Genetic Testing Influences Post-PCI Antiplatelet Prescriptions, but Other Factors Also Play a Role

It’s unclear if a very large randomized genotyping trial is still needed given ongoing research, though some guidelines would be useful, one expert says.

Genetic Testing Influences Post-PCI Antiplatelet Prescriptions, but Other Factors Also Play a Role

ORLANDO, FL—While pharmacogenomic information does influence antiplatelet prescribing patterns—especially for patients with loss of function alleles—clinicians appear to also rely heavily on clinical factors, according to new randomized data.

With evidence lacking that genetic testing influences outcomes, it’s appropriate today for clinicians to “incorporate the genetic testing with your clinical gestalt,” senior author Jay Giri, MD (Hospital of the University of Pennsylvania, Philadelphia), told TCTMD after the presentation of the ADAPT study yesterday at the American College of Cardiology 2018 Scientific Session. “The clinical practice of precision medicine is going to be about more than just precise genetics,” he said.

Giri and colleagues, including Sony Tuteja, PharmD, MS (Perelman School of Medicine at the University of Pennsylvania, Philadelphia), who presented the findings here, randomized 504 patients undergoing PCI and stenting to CYP2C19 genotyping in the cath lab or to usual care. Genotyping was used to identify patients who carried clopidogrel loss-of-function alleles. The ultimate choice of antiplatelet agent remained at the discretion of the treating interventional cardiologist, however, and patients were preloaded with an antiplatelet agent before the genetic information was available (average turnaround time was 1.4 hours).

Overall, prasugrel (Effient; Eli Lilly) or ticagrelor (Brilinta; AstraZeneca) were used more often in patients who underwent genotyping than in the standard care arm (30% vs 21%; P = 0.03). Specifically, the more potent agents were used more often in loss-of-function allele carriers who were genotyped than in “normal” clopidogrel responders (53% vs 22%; P < 0.001).
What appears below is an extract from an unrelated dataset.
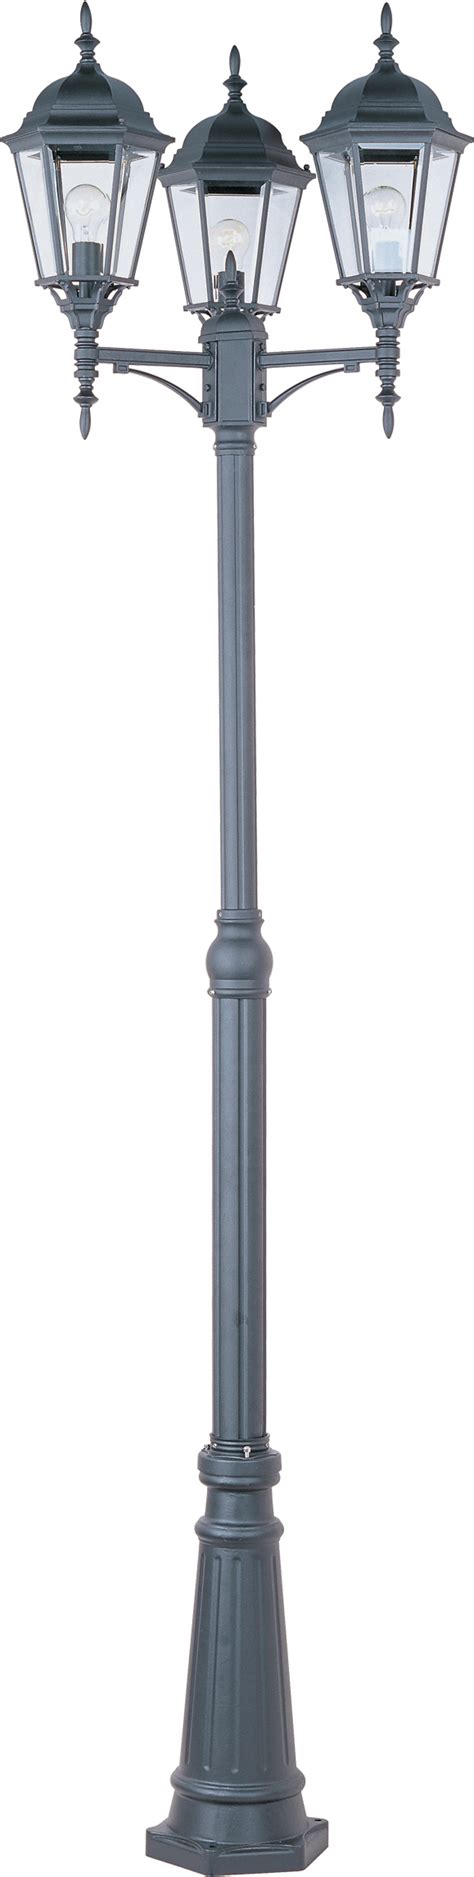 light outdoor polepost lantern outdoor maxim lighting
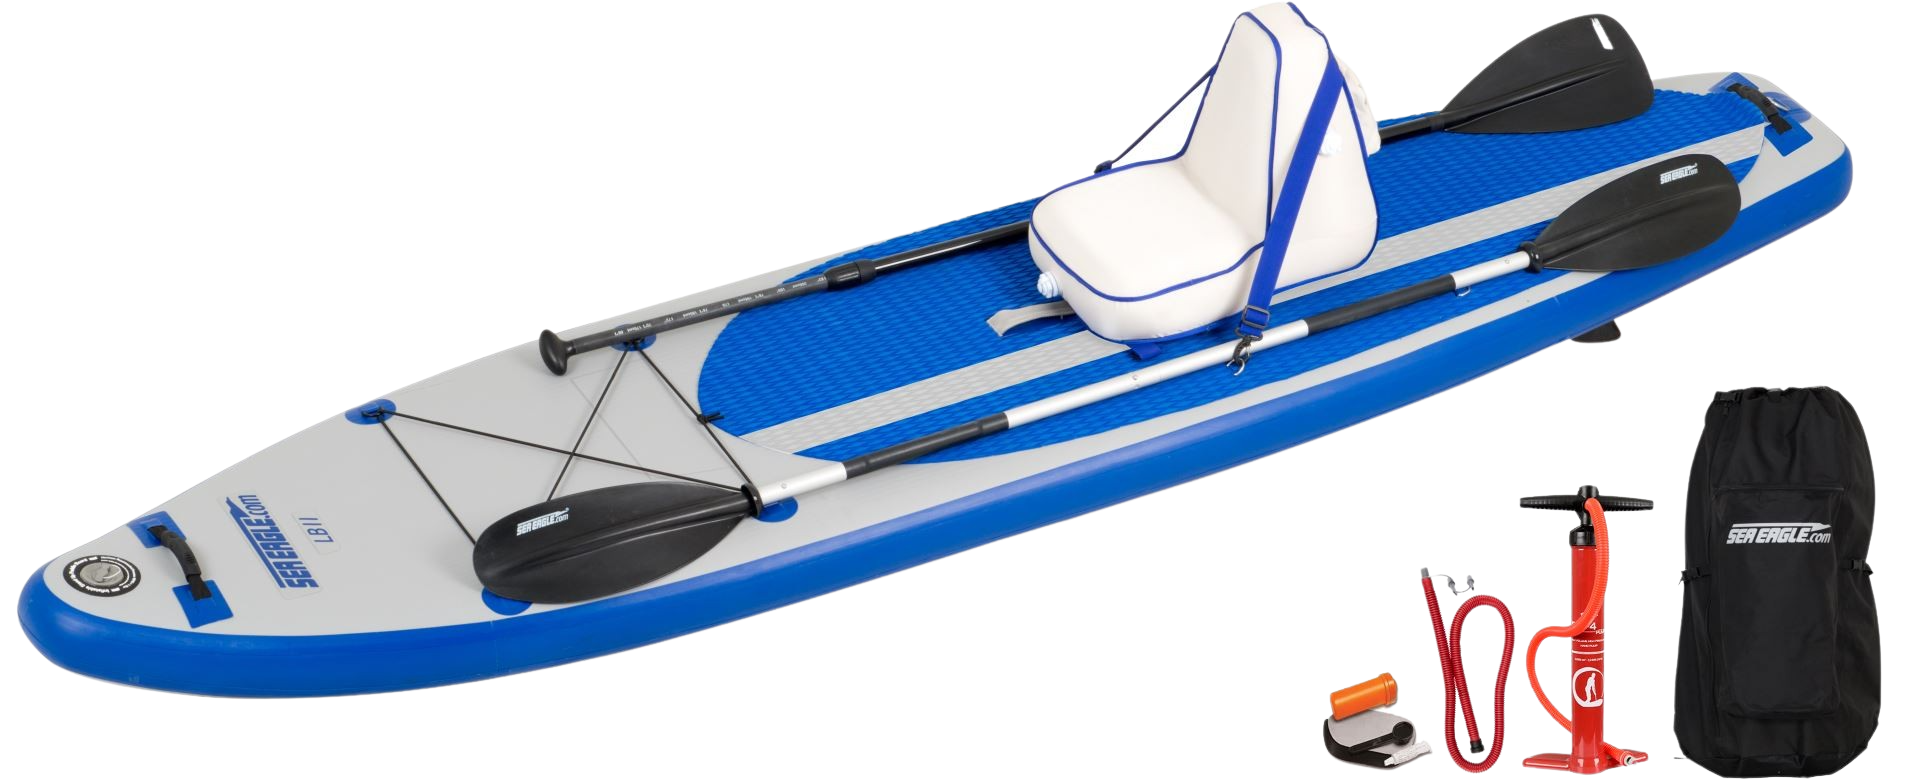 Sea Eagle, Sea Eagle LB11K_D LongBoard 11 Inflatable Board Deluxe Package New

Interestingly, the rate of agreement between clinicians and what the genetic information recommended was 71%. Reasons for nonagreement among patients who were intermediate or poor clopidogrel metabolizers typically related to presence of stable CAD, cost, contraindications, and physician preference. In patients who were considered normal or rapid metabolizers, the disagreement typically arose because of disease characteristics, the patient already being on the therapy, ACS diagnosis, or recurrent events.

Patients who were on clopidogrel before hospital admission were two times more likely to stay on the drug regardless of genotype (OR 2.04; 95% CI 1.22-3.45). However, patients who were on ticagrelor or prasugrel prior to genotyping were 99 times more likely to stick with them (OR 99.3; 95% CI 13.2-744).

Post hoc analysis showed no difference in clinical outcomes, although the study was not powered to determine this, both Giri and Tuteja acknowledged.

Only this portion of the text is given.